Is Brian sleeping again?

siliconinvestor.com

Sharp Demand, Short Supply Boost Asia Chipmakers


By Tony Munroe Jul 12 11:30pm ET

HONG KONG (Reuters) - Investors see huge opportunity in the Asian semiconductor
industry as Internet applications, mobile phones and silicon-reliant appliances suck up
chip-making capacity faster than they can be filled.

``Technology has become the status symbol of consumption today,'' said Robin How,
managing director of A.P.C. Asset Management (Hong Kong) Ltd, who remains bullish
on the boom-and-bust prone sector.

``Even if there's a slowdown in demand, you're going to operate at 99 percent capacity
instead of 100.''

After a worst-ever industry slump that ended in 1998, times have vastly improved for
Asian semiconductor makers, where lead times for capacitors and flash memory chips
have extended to as much as 18 months. Prices and profits have risen accordingly.

Global chip sales reached a record US$15.8 billion in May according to the
Semiconductor Industry Association, a nearly 40 percent increase from a year earlier.

In Asia excluding Japan, chip sales saw a 45.8 percent year-on-year boost in May,
while Japan enjoyed a 43.6 percent sales surge. With sales totaling US$7.57 billion in
May, Asia, including Japan, accounted for nearly half the world's semiconductor sales,
according to the SIA.

``The demand is looking good,'' said Adrian Fu, portfolio manager with Investec
Guinness Flight Capital in Hong Kong, who predicts the current up-cycle for
semiconductor makers would be longer than usual given the diversity of demand.

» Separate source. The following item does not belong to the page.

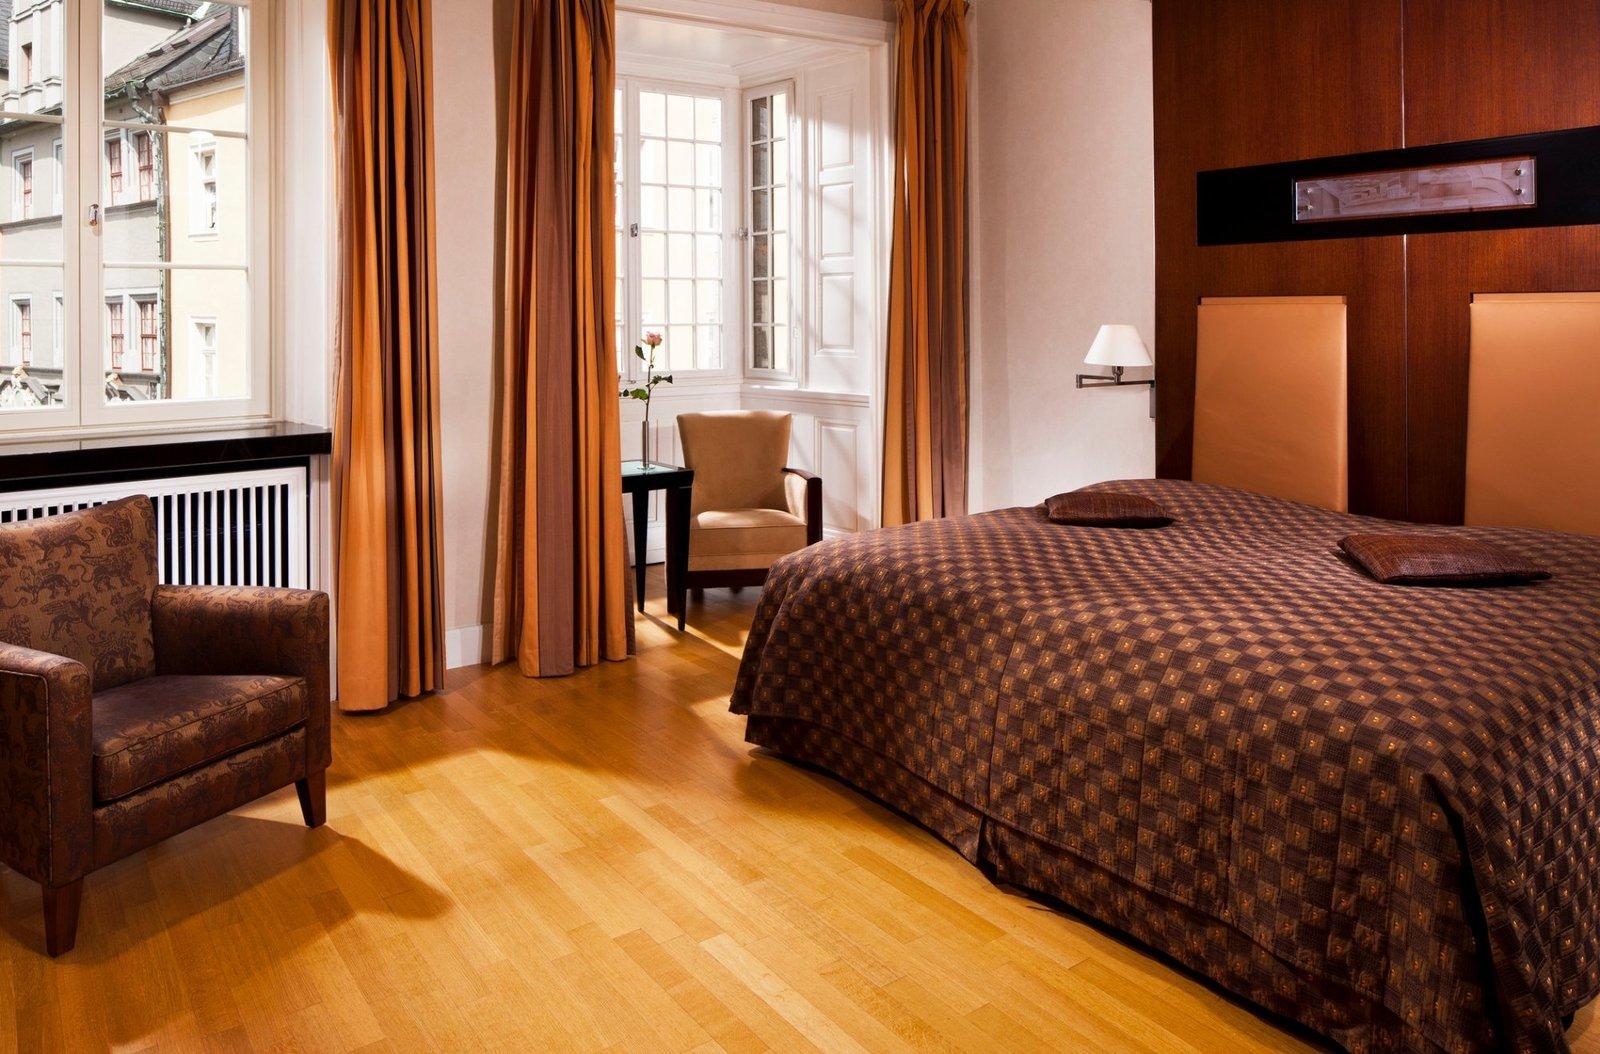 Bedroom, Wall Lighting, Chair, Bed, and Medium Hardwood Floor  Hotel Elephant

The present chip cycle is the industry's ninth. The previous cycle saw an upturn from
1992 through 1995, followed by a slowdown that lasted into 1998, according to Chase
H&Q.

One reason supply so sharply lags demand is that during the Asian financial crisis --
which occurred during the chip sector's last cyclical downturn -- no new capacity was
built in Korea or Japan, Chase H&Q said. Long lead times and immense expense
prevent new plants from quickly coming online to meet demand.

SOME NAYSAYING

But the upbeat sentiment isn't universal. Salomon Smith Barney roiled the chip world
last week with a report downgrading the industry to ``neutral'' from ``outperform'' based
on what it called ``slowly reversing industry fundamentals'' and slight decline in cellular
phone growth and surge in capacity.

Many came to the industry's defense.

``So what?'' asked How. ``You've got PDAs (personal digital assistants) coming
through, you've got in-car navigation systems, all of which use up chips instead ...
DVD (digital video disc) sales are mushrooming this year,'' he added.

While demand from PCs accounted for nearly half the chip output during the previous
cycle peak, they account for just 25-30 percent of present demand, analysts said.
Mobile phones account for just 10 percent of demand, analysts said.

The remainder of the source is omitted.